By Parker McKenzie
Janet McFadyen didn’t believe she’d been honoured with an Order of Australia when it was first announced.
“This doesn’t happen to quilters, it happens to people who cure cancer or do something big through work, not to people that run the grassroots sort of events.” Ms McFadyen said.
The Order of Australia – for “service to the community through charitable organisations,” – was given to Ms McFadyen for her donation of thousands of quilts to people in need since she started making them in the early 1990s.
“We moved down to Ferntree Gully four years ago to look after the grandchildren. I’m proud of what I was doing in country Victoria and sending quilts around regional areas and interstate, but since we’ve been in Melbourne it’s been a lot easier to network.” she said.
Ms McFadyen was a health manager at a hospital in Shepparton for 35 years before moving to the South-East of Melbourne, where she said she saw people in need and felt compelled to help.
When the Black Summer bushfires occurred, Ms McFadyen organised 2300 quilts to be donated to residents of the worst affected areas like King Lake.
“That’s when I named it Oz Comfort Quilts, because until then it was just Jan Mac Quilts,” she said.
“I was getting so many donations from around Australia and even overseas that I thought it was better to make it a more inclusive group.”
During 2009 – at the height of the devastation during the bushfires – stories from media outlets around the world helped bring attention to Oz Comfort Quilts, and Ms McFadyen said she asked for donations of blocks to be stitched into larger quilts.
“I received thousands of blocks all around the world, from South Africa, Israel, Reunion Island, Canada, Latin America, England and lots from Holland, Germany and all over the place. It was just incredible,” she said.
“Most quilts would take 35 of these blocks and some people would send four to six of them, then I just combined them all into quilts.”
Last year, Ms McFadyen and her network of quilters from around Australia and the world donated 753 quilts to people in need, whether it was from natural disaster, homelessness, drug and alcohol recovery or domestic violence.
Ms McFadyen said the year before they donated 780, but she has personally made thousands.
“We give it as a gift to help people when they’re ready to recover. During the bushfires we don’t give them immediately, we wait until they’re rebuilding and they’re ready to move back into a new home,” she said.
“It’s a gift for hope and the future, and it is always provided through local community groups.”
Ms McFadyen said she received the Paul Harris award from Kangaroo Flat Rotary Club in 2008 for her donations of quilts through them, although being an Order of Australia recipient has left her in disbelief.

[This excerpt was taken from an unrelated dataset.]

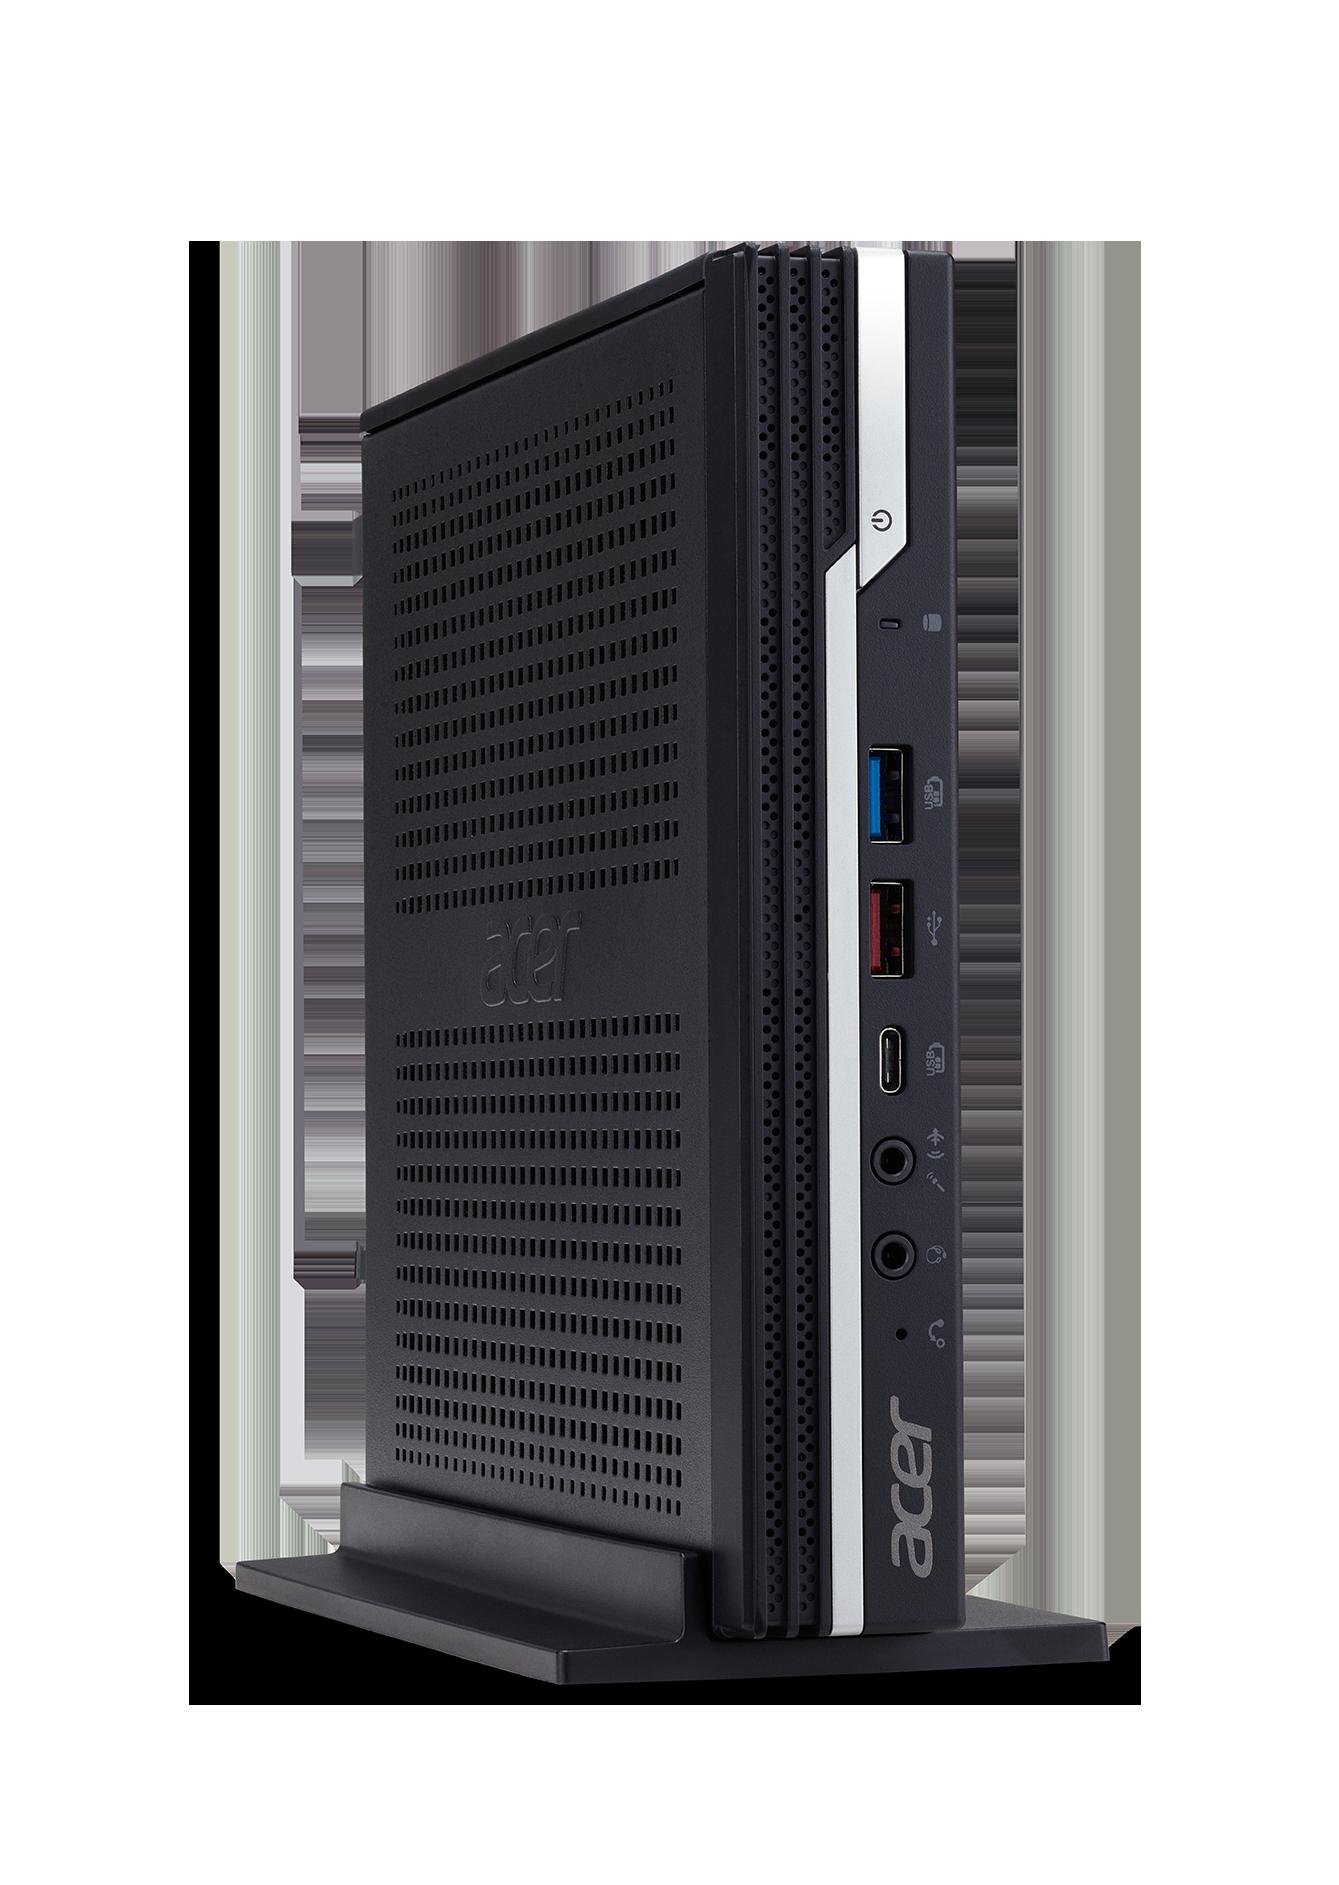 Acer Veriton N (VN4670GT) - 15-10400T/256SSD/8G/W10Pro + 2 roky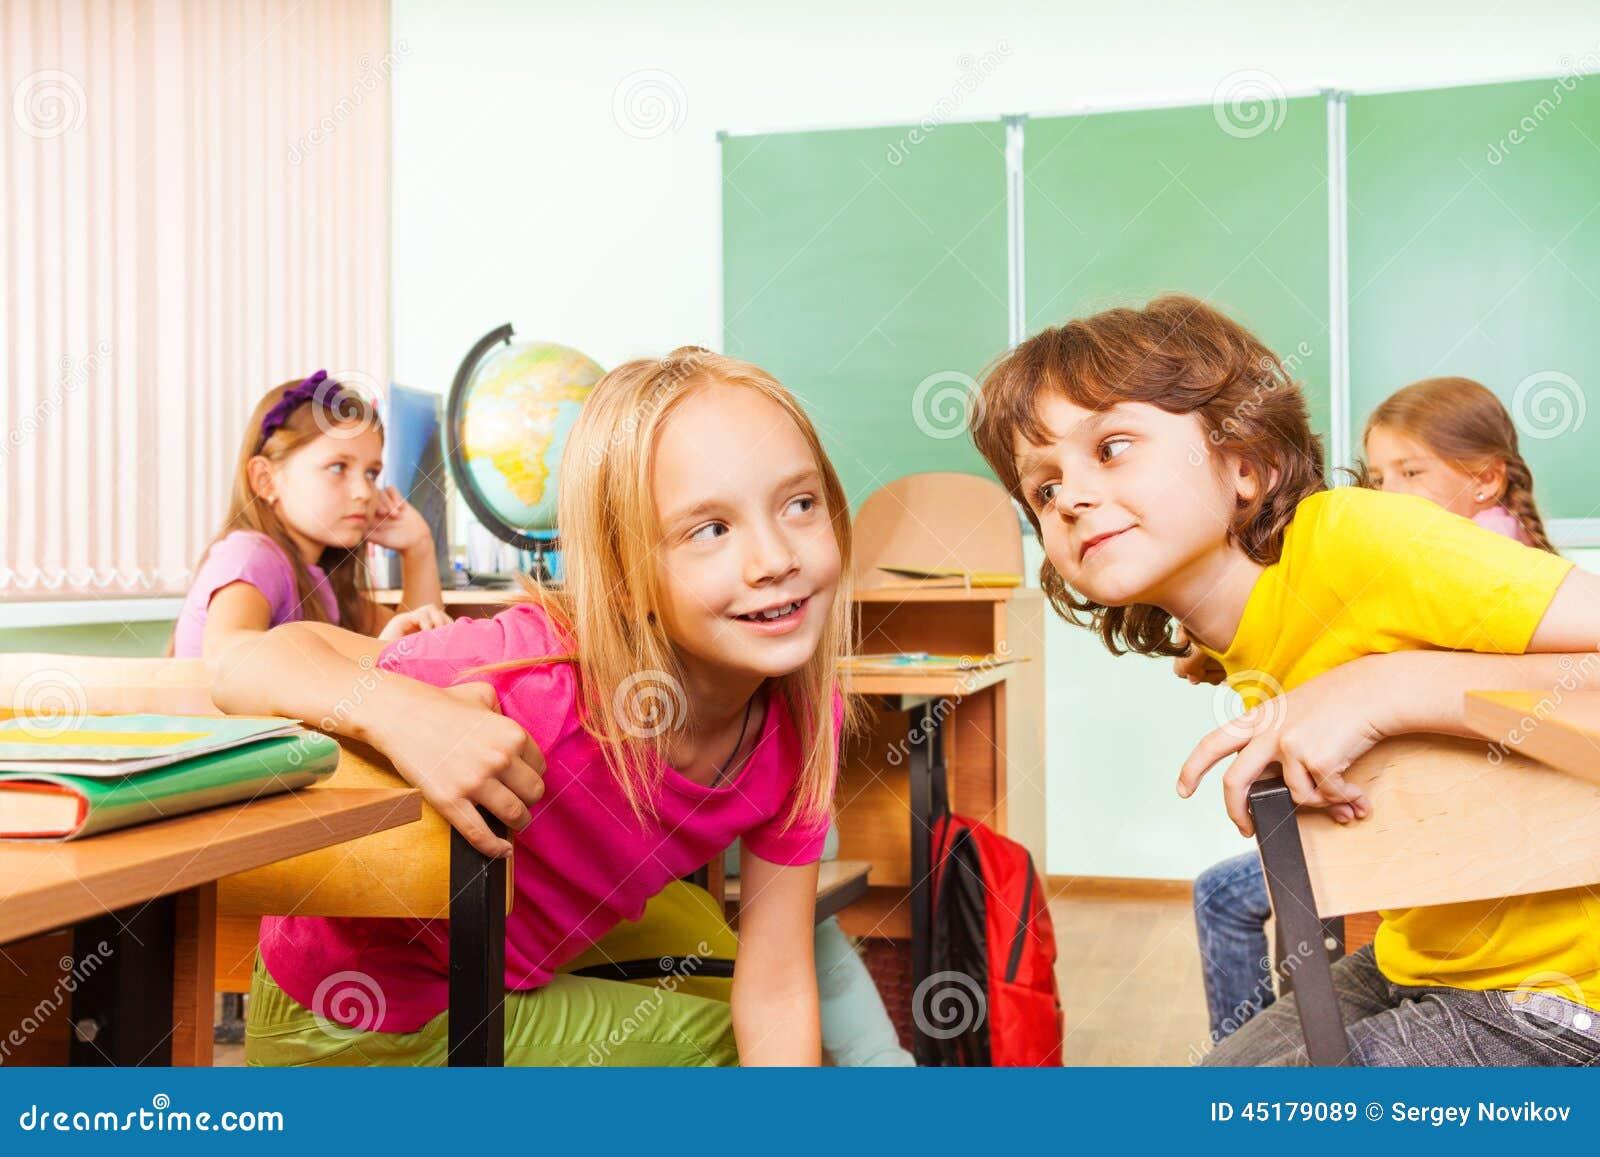 секс во время урока училка показала розовые трусики фото и видео

“They went to people affected by the tsunamis in Asia and East Timor at the time, and people affected by drought,”
“That was pretty incredible. This is just mind blowing; I can’t believe that this would happen.”
Through the Covid-19 pandemic, the network of quilters has expanded into making knitted garments and blankets, clothes for kids and even Santa sacks for the festive period.
Ms McFadyen said making the quilts has helped not just people in need, but also herself and others who have contributed to the cause.
“I saw a lot of the need in the community and always planned to do this when I retired,” she said.
“It’s not just helping people who get the quilts, it’s also the people who are making them, it helps them as well.”